2. Well-level proximity treatment, rolled up to district-year exposure.
Well-level proximity workflow:
1. Import TX-MX proximity flags from `WellAnalyzer` (`within_25km_texmex`, `within_50km_texmex`).
2. Build additional TX-NM, TX-OK, TX-LA border segments from county boundary geometry plus seed lines.
3. Compute distances in EPSG:5070 and generate threshold flags.
4. Build composite indicators:
- `within_50km_state_border_any`
- `well_border_exposed` (within 50 km of TX-MX or any TX-state border segment).
District-year exposure share:
$$
ShareBorder_{dt} = \frac{BorderExposedInspections_{dt}}{Inspections_{dt}}
$$
Alternative district coding:
$$
border\_exposure\_district_{dt} = \mathbb{1}[ShareBorder_{dt} \ge 0.25]
$$
### Tests run
1. Descriptive border-gap comparisons by group means.

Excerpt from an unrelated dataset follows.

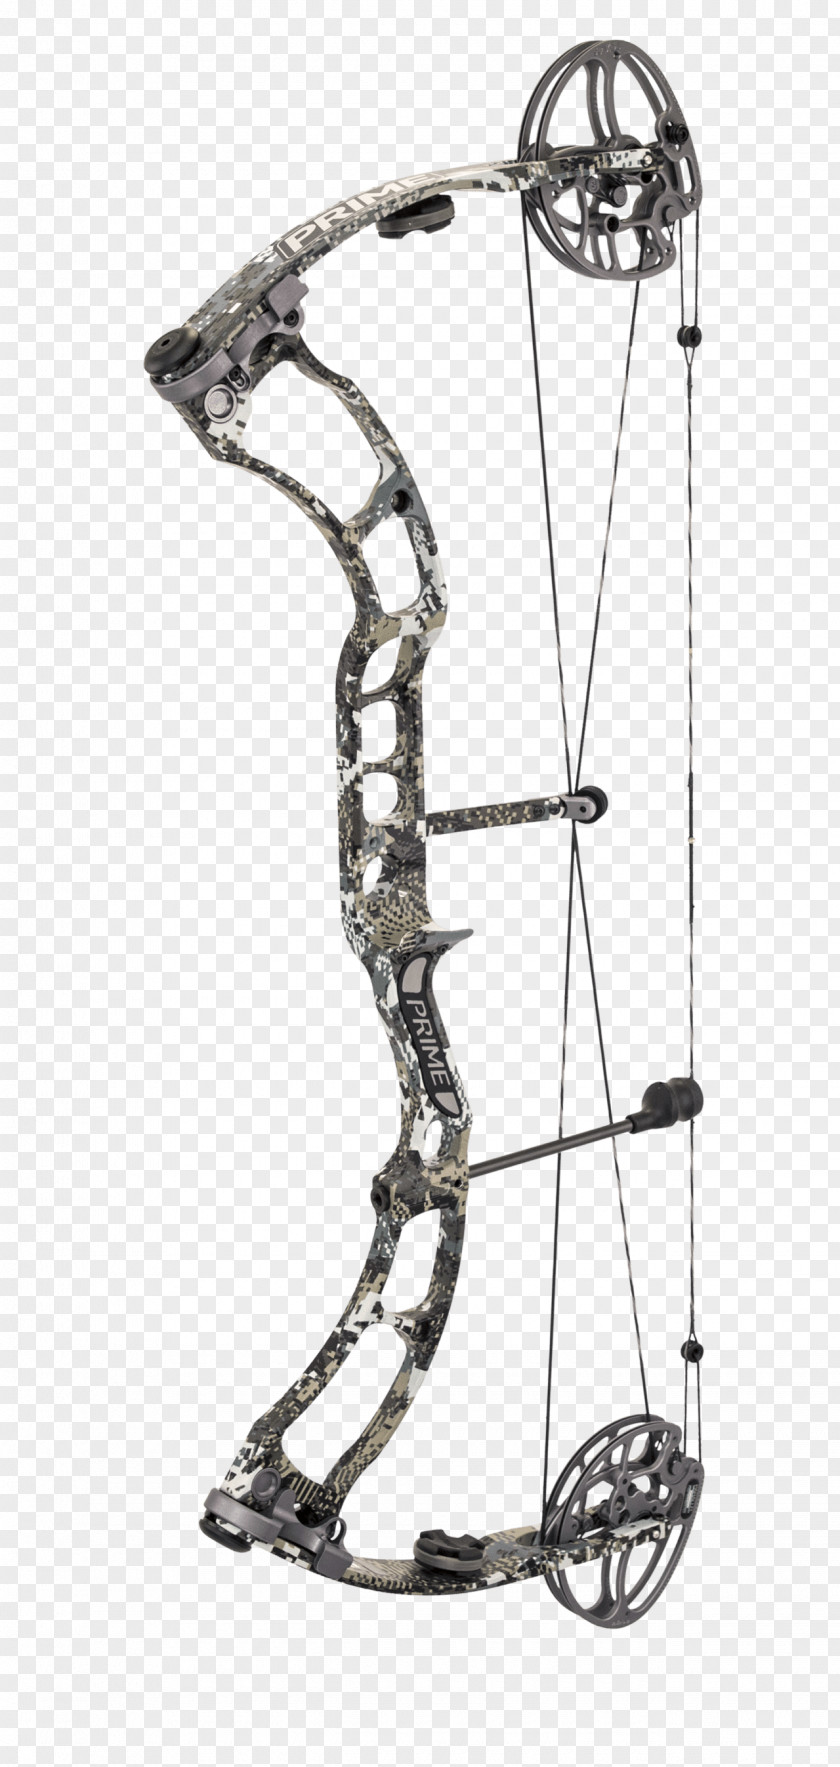 Archery Bow And Arrow Compound Bows Bowhunting PNG

2. RQ1 levels regressions:
- Outcomes: `inspection_intensity`, `violations_per_inspection`.
- Model: `border_district + log_unique_wells + C(year)`.
3. RQ2 FE interaction regressions:
- Outcomes: `inspection_intensity`, `violations_per_inspection`, `avg_days_to_enforcement`, `resolution_rate`.

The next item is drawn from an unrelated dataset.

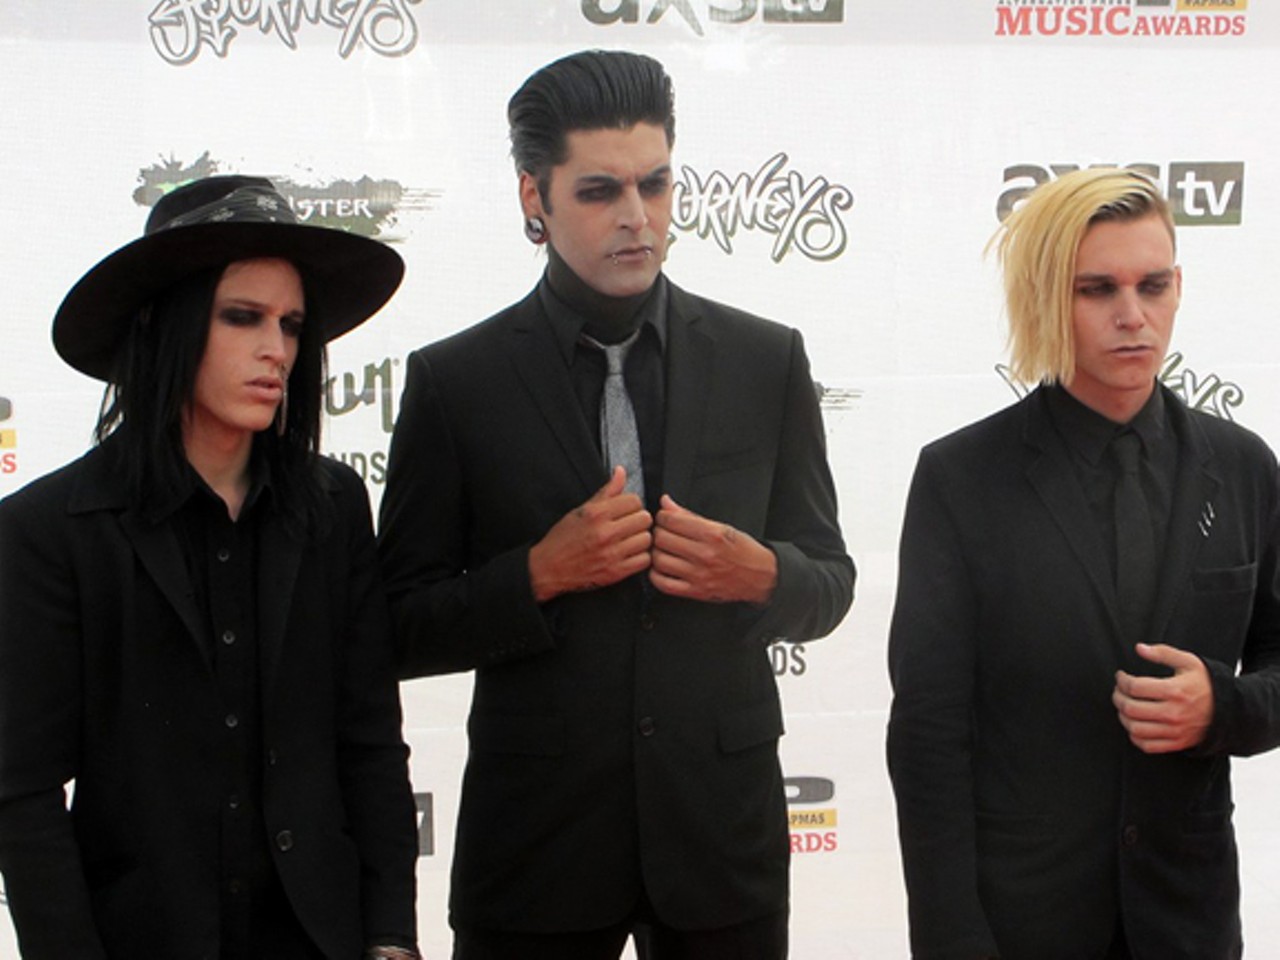 Why so serious? At the AP Music Awards Red Carpet, photo by Jeff Niesel

- Model: `C(district) + C(year) + post_2019:border_district + post_trend:border_district`.
4. Border-type robustness:
- District border-type profile (`TX-MX`, `TX-NM`, `TX-OK`, `TX-LA`).
- RQ1-style levels with `has_tx_*`.
- RQ2-style FE interactions with `post_2019:has_tx_*` and `post_trend:has_tx_*`.

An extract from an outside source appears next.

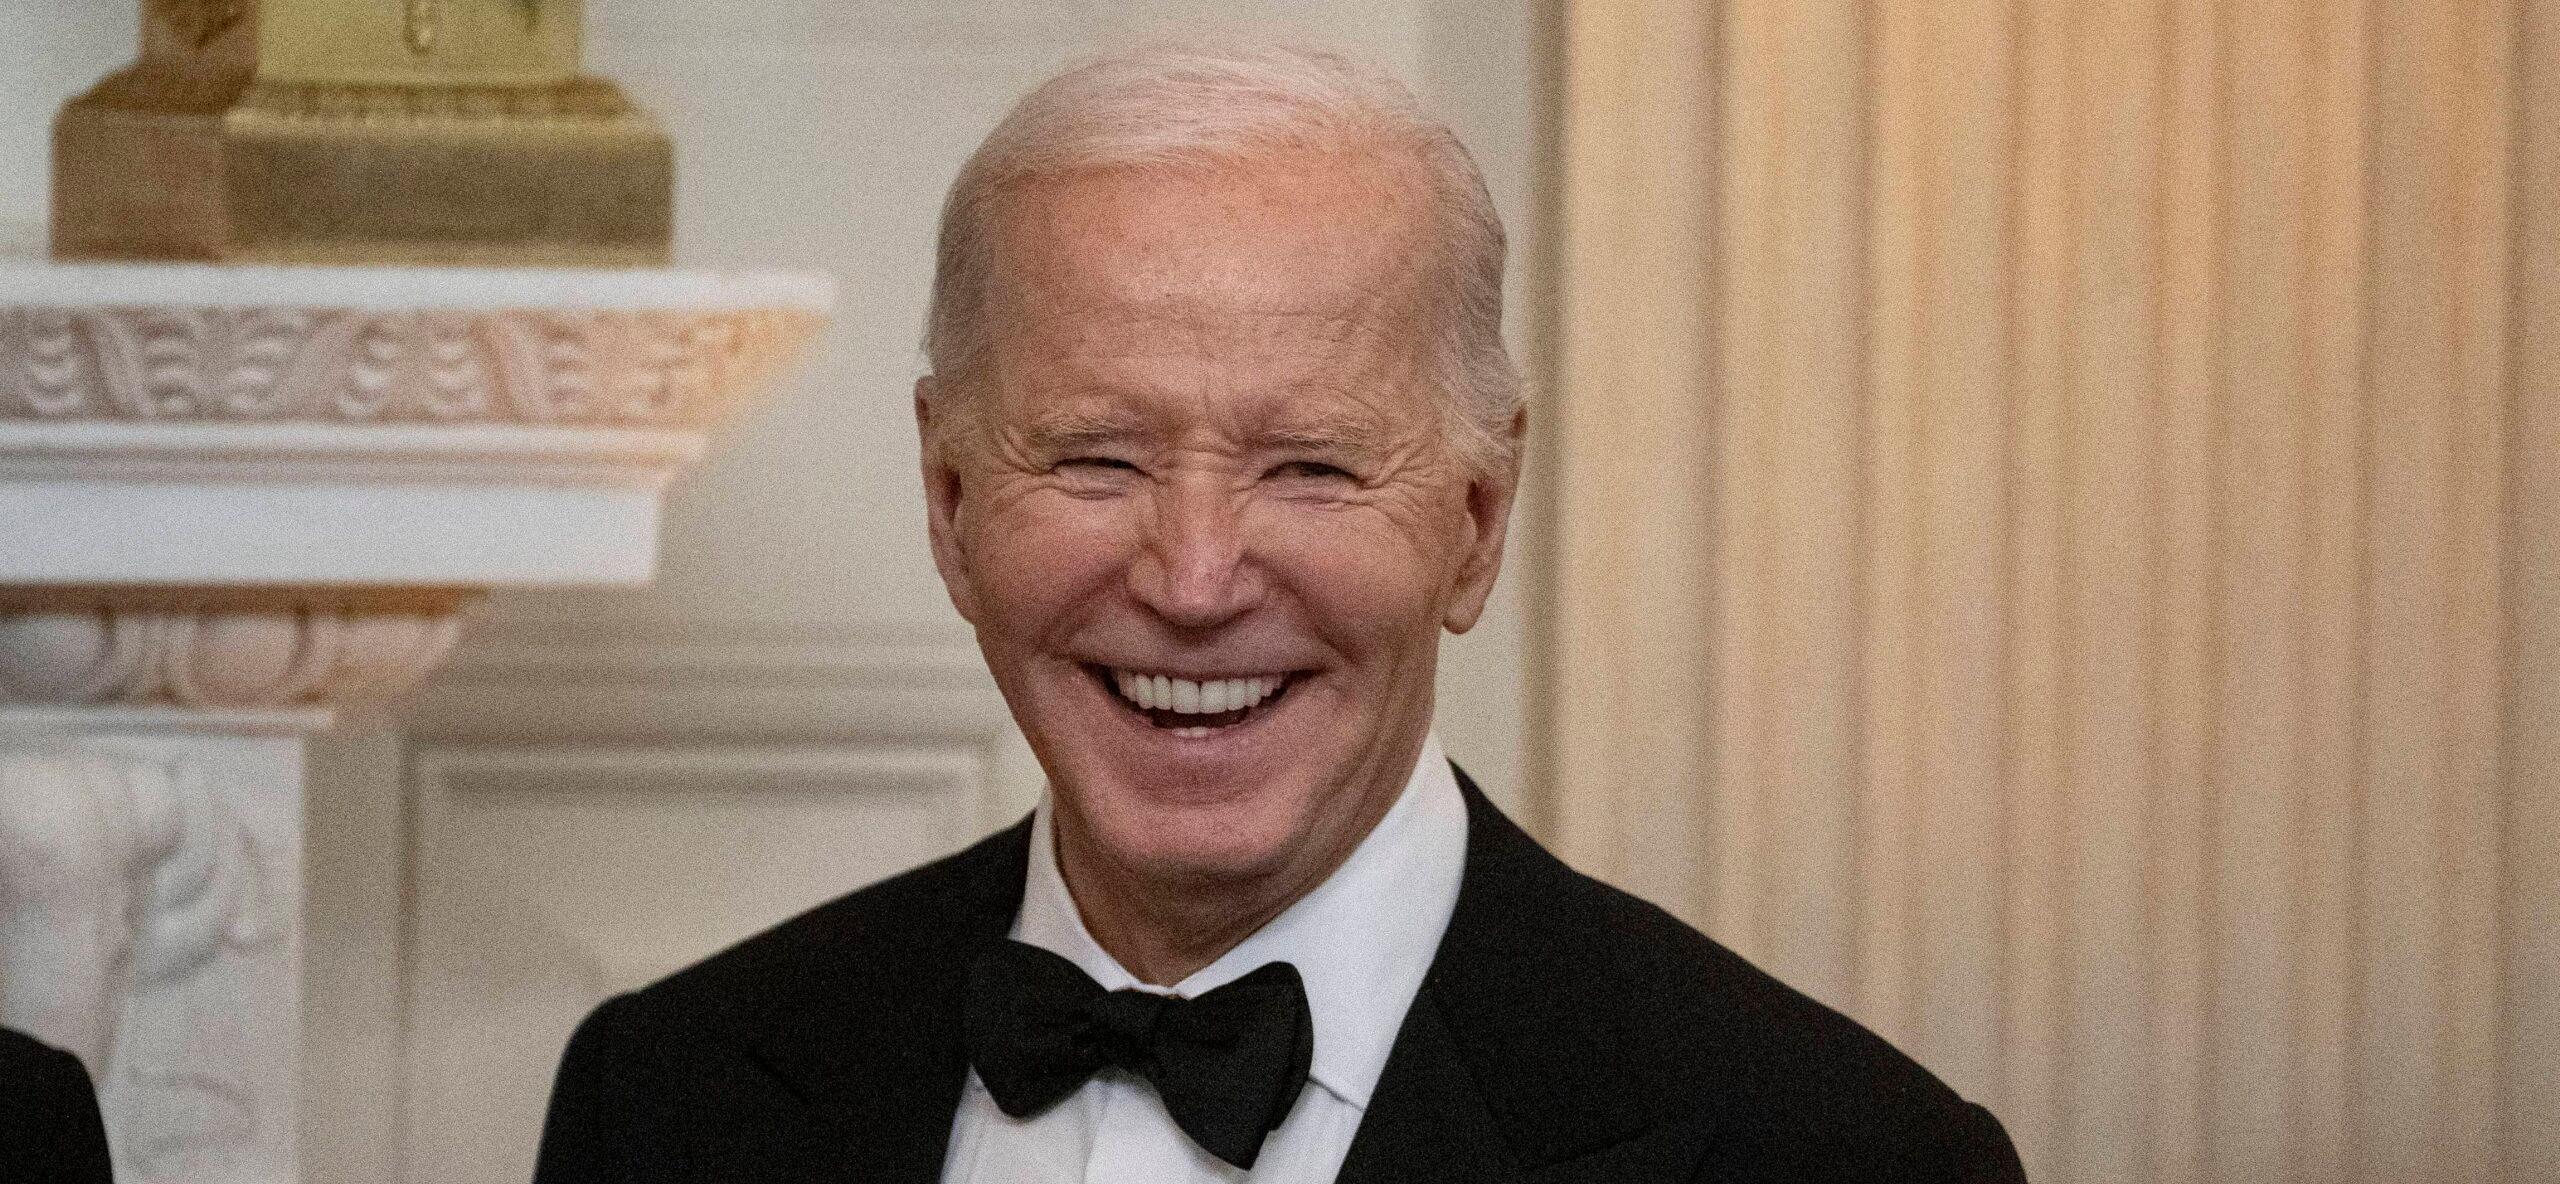 Joe Biden Defends Using ‘Illegal’ To Describe A Migrant: ‘Technically Not Supposed To Be Here’

5. Continuous exposure robustness:
- Replace binary border term with `share_border_exposed_insp` in RQ1-style and RQ2-style specifications.
6. Cutoff sensitivity robustness:
- Recompute exposure using minimum distance to any border at 25/75/100 km.
- Estimate RQ1-style inspection-intensity models and RQ2-style timing interaction models.
7. Figures/reporting:
- Border vs non-border trend plots.
- Main timing figure with district-year means and 95% CIs.
8. Reaction-function scaffolding (not estimated):
- Create district-competitor link table and district-year competitor template for future data integration.